82. A method of producing a recombined polynucleotide having a desired characteristic, comprising: (a) providing a plurality of related-sequence double-stranded template polynucleotides, comprising polynucleotides with non-identical sequences; (b) providing a plurality of single-stranded nucleic acid fragments capable of hybridizing to the template polynucleotides; (c) hybridizing single-stranded nucleic acid fragments to the template polynucleotides and extending the hybridized fragments on the template polynucleotides with a polymerase, thereby forming a plurality of sequence-recombined polynucleotides; (d) subjecting the sequence recombined polynucleotides of step (c) to at least one additional cycle of recombination to produce further sequence-recombined polynucleotides; and, (e) selecting or screening the further sequence-recombined polynucleotides for the desired characteristic.

83. The method of claim 82, wherein the plurality of template polynucleotides comprises bacterial polynucleotides.

84. The method of claim 82, wherein the plurality of template polynucleotides comprises fungal polynucleotides.

85. The method of claim 82, wherein the plurality of template polynucleotides comprises viral polynucleotides.

86. The method of claim 82, wherein the plurality of template polynucleotides comprises plant polynucleotides.

87. The method of claim 82, wherein the plurality of template polynucleotides comprises animal polynucleotides.

88. The method of claim 82, wherein the plurality of template polynucleotides encode an antibody chain.

89. The method of claim 82, wherein the additional cycle of recombination is performed in vitro.

90. The method of claim 82, wherein the desired characteristic is the capacity of a protein encoded by a further sequence-recombined nucleic acid to bind a receptor or a ligand.

91. The method of claim 82, wherein the desired characteristic is the capacity of a protein encoded by a further sequence-recombined nucleic acid to bind to an antigen.

92. The method of claim 82, wherein the desired characteristic is suitability of a protein encoded by a further sequence-recombined nucleic acid as an agent for DNA-based vaccination.
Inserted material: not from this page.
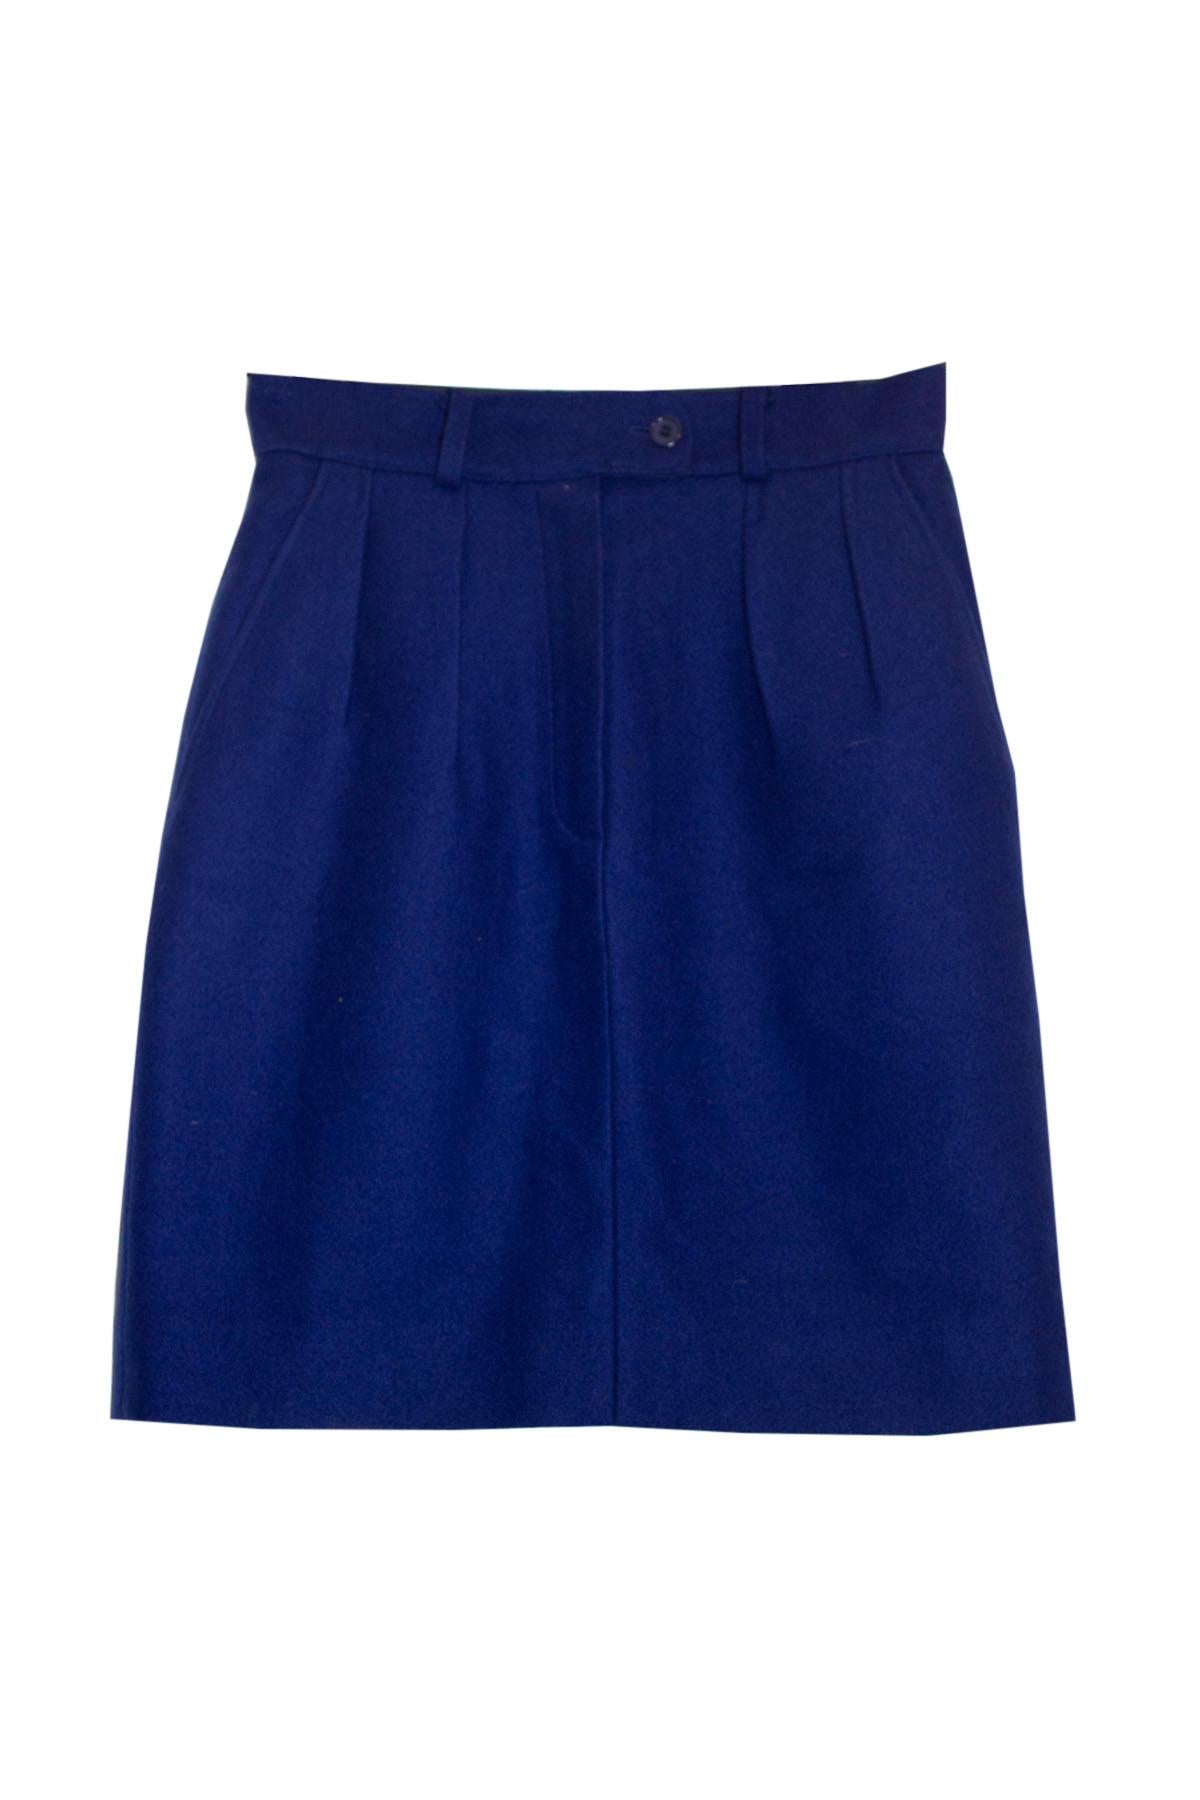 Vintage Kenzo Blue Wool Mini Skirt For Sale 1

93. A method of non-stochastically producing a library of chimeric nucleic acid molecules having an overall assembly order that is non-random comprising:(a) non-randomly generating a plurality of nucleic acid building blocks having mutually compatible ligatable ends; and(b) assembling the nucleic acid building blocks, such that a designed overall assembly order is achieved; whereby a set of progenitor templates can be shuffled to generate a library of progeny polynucleotide molecules and correspondingly encoded polypeptides, and whereby screening of the progeny polynucleotide library provides a means to identify a desirable species that have a desirable property.

94. A method of non-stochastically producing a library comprised of a defined number of groupings comprised of one or more groupings of chimeric nucleic acid molecules having an overall assembly order that is chosen by design, said method comprised of-(a) generating by design for each grouping a set of specific nucleic acid building blocks having serviceable mutually compatible ligatable ends, and (b) assembling these nucleic acid building blocks according to said groupings, such that a designed overall assembly order is achieved; whereby a set of progenitor templates can be shuffled to generate a library of progeny polynucleotide molecules and correspondingly encoded polypeptides, and whereby the expression screening of the progeny polynucleotide library provides a means to identify a desirable species that has a desirable property.